Tuesday, December 22, 2009

Bernanke’s award as Time’s Man of the Year

Time Magazine honors Federal Reserve Chairman Ben Bernanke as their "Person of the Year." Is the honor deserved? No, says the Washington Posts Binyam Applebaum and David Cho. Treasury official and current FDIC Chair Sheila Bair noticed serious problems as early as 2001 and tried to get subprime lenders to adopt a code of best practices, Freddie Mac stopped purchasing certain securities in 2002, the Greenlining Institute warned in 2004 that lenders were being unscrupulous and Federal Reserve Board Governor Edward Gramlich warned in 2005 that lending practices were unsatisfactory.

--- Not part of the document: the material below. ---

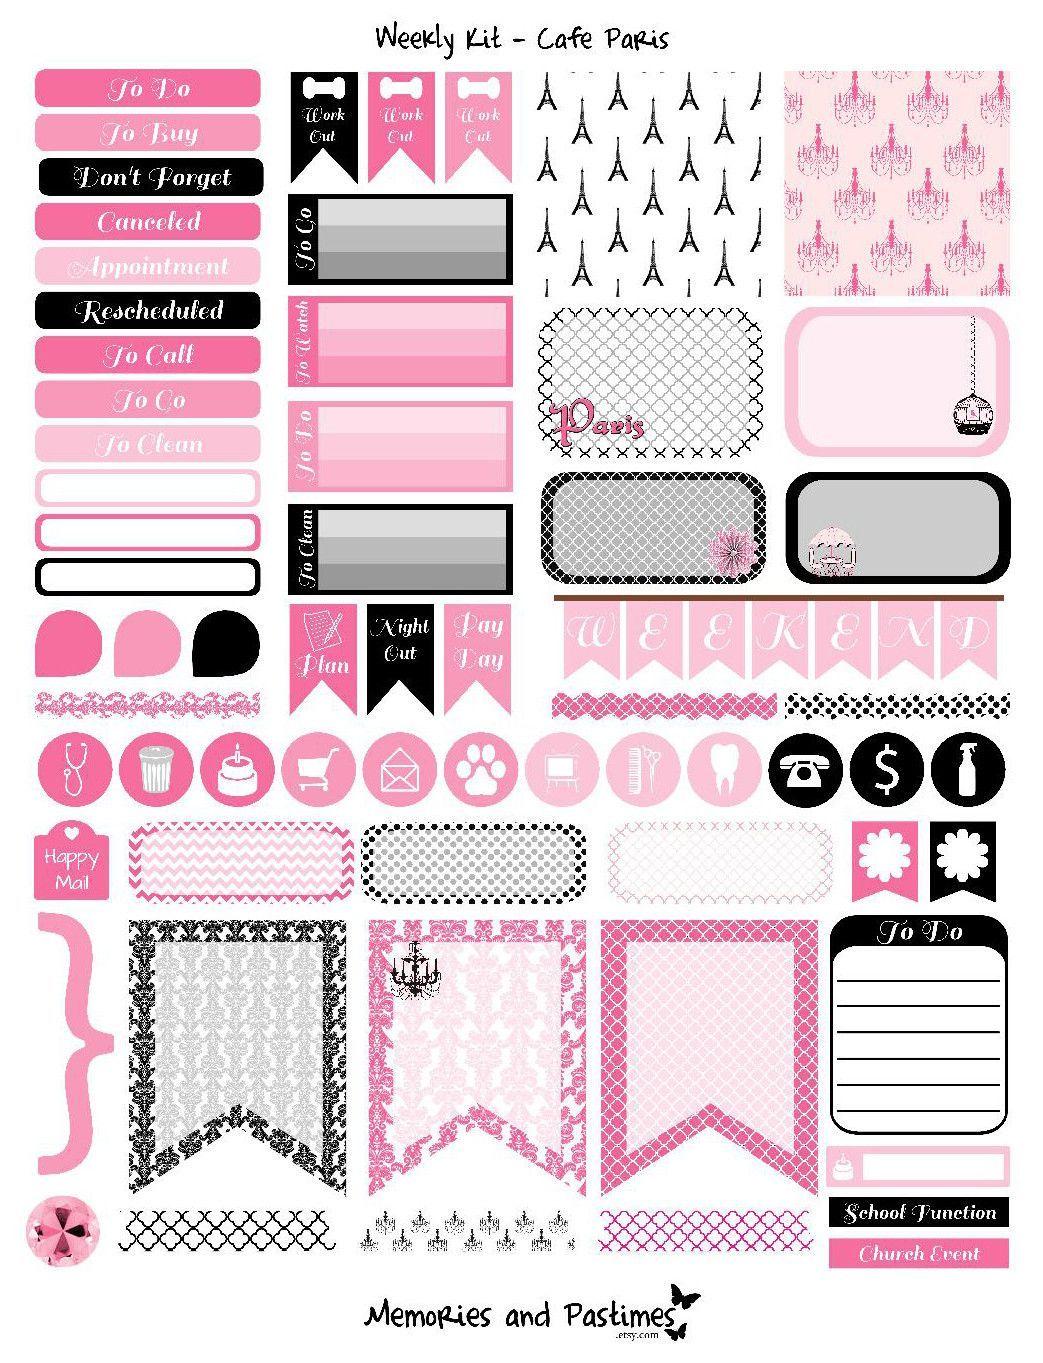 weekly kit planner sticker set - cafe paris | filofax

Did Bernanke do anything in response to these warnings? No. Bernanke sat around, twiddling his thumbs and complaining that people had been warning of disaster since 1979. Bernanke does not deserve a second term and should not be re-appointed to one.

Keep in mind that, because of Bernanke's dereliction of duty in allowing the housing bubble to continue as long as it did, the US lost $6 trillion in housing wealth, which has cost the US $500 billion in annual income.
Bernanke failed to see the bubble in the first place. He felt that the Fed should not concern itself with asset bubbles, or call the attention of financial markets or the public to these bubbles by using its regulatory power to rein in lending, or explicitly using interest rates to target a bubble.

Also,
The Fed has directly lent more than $2 trillion to financial and non-financial institutions in the last two years. It has guaranteed trillions more.

The US needs to audit the Fed and to restrict it from its far-too-independent role.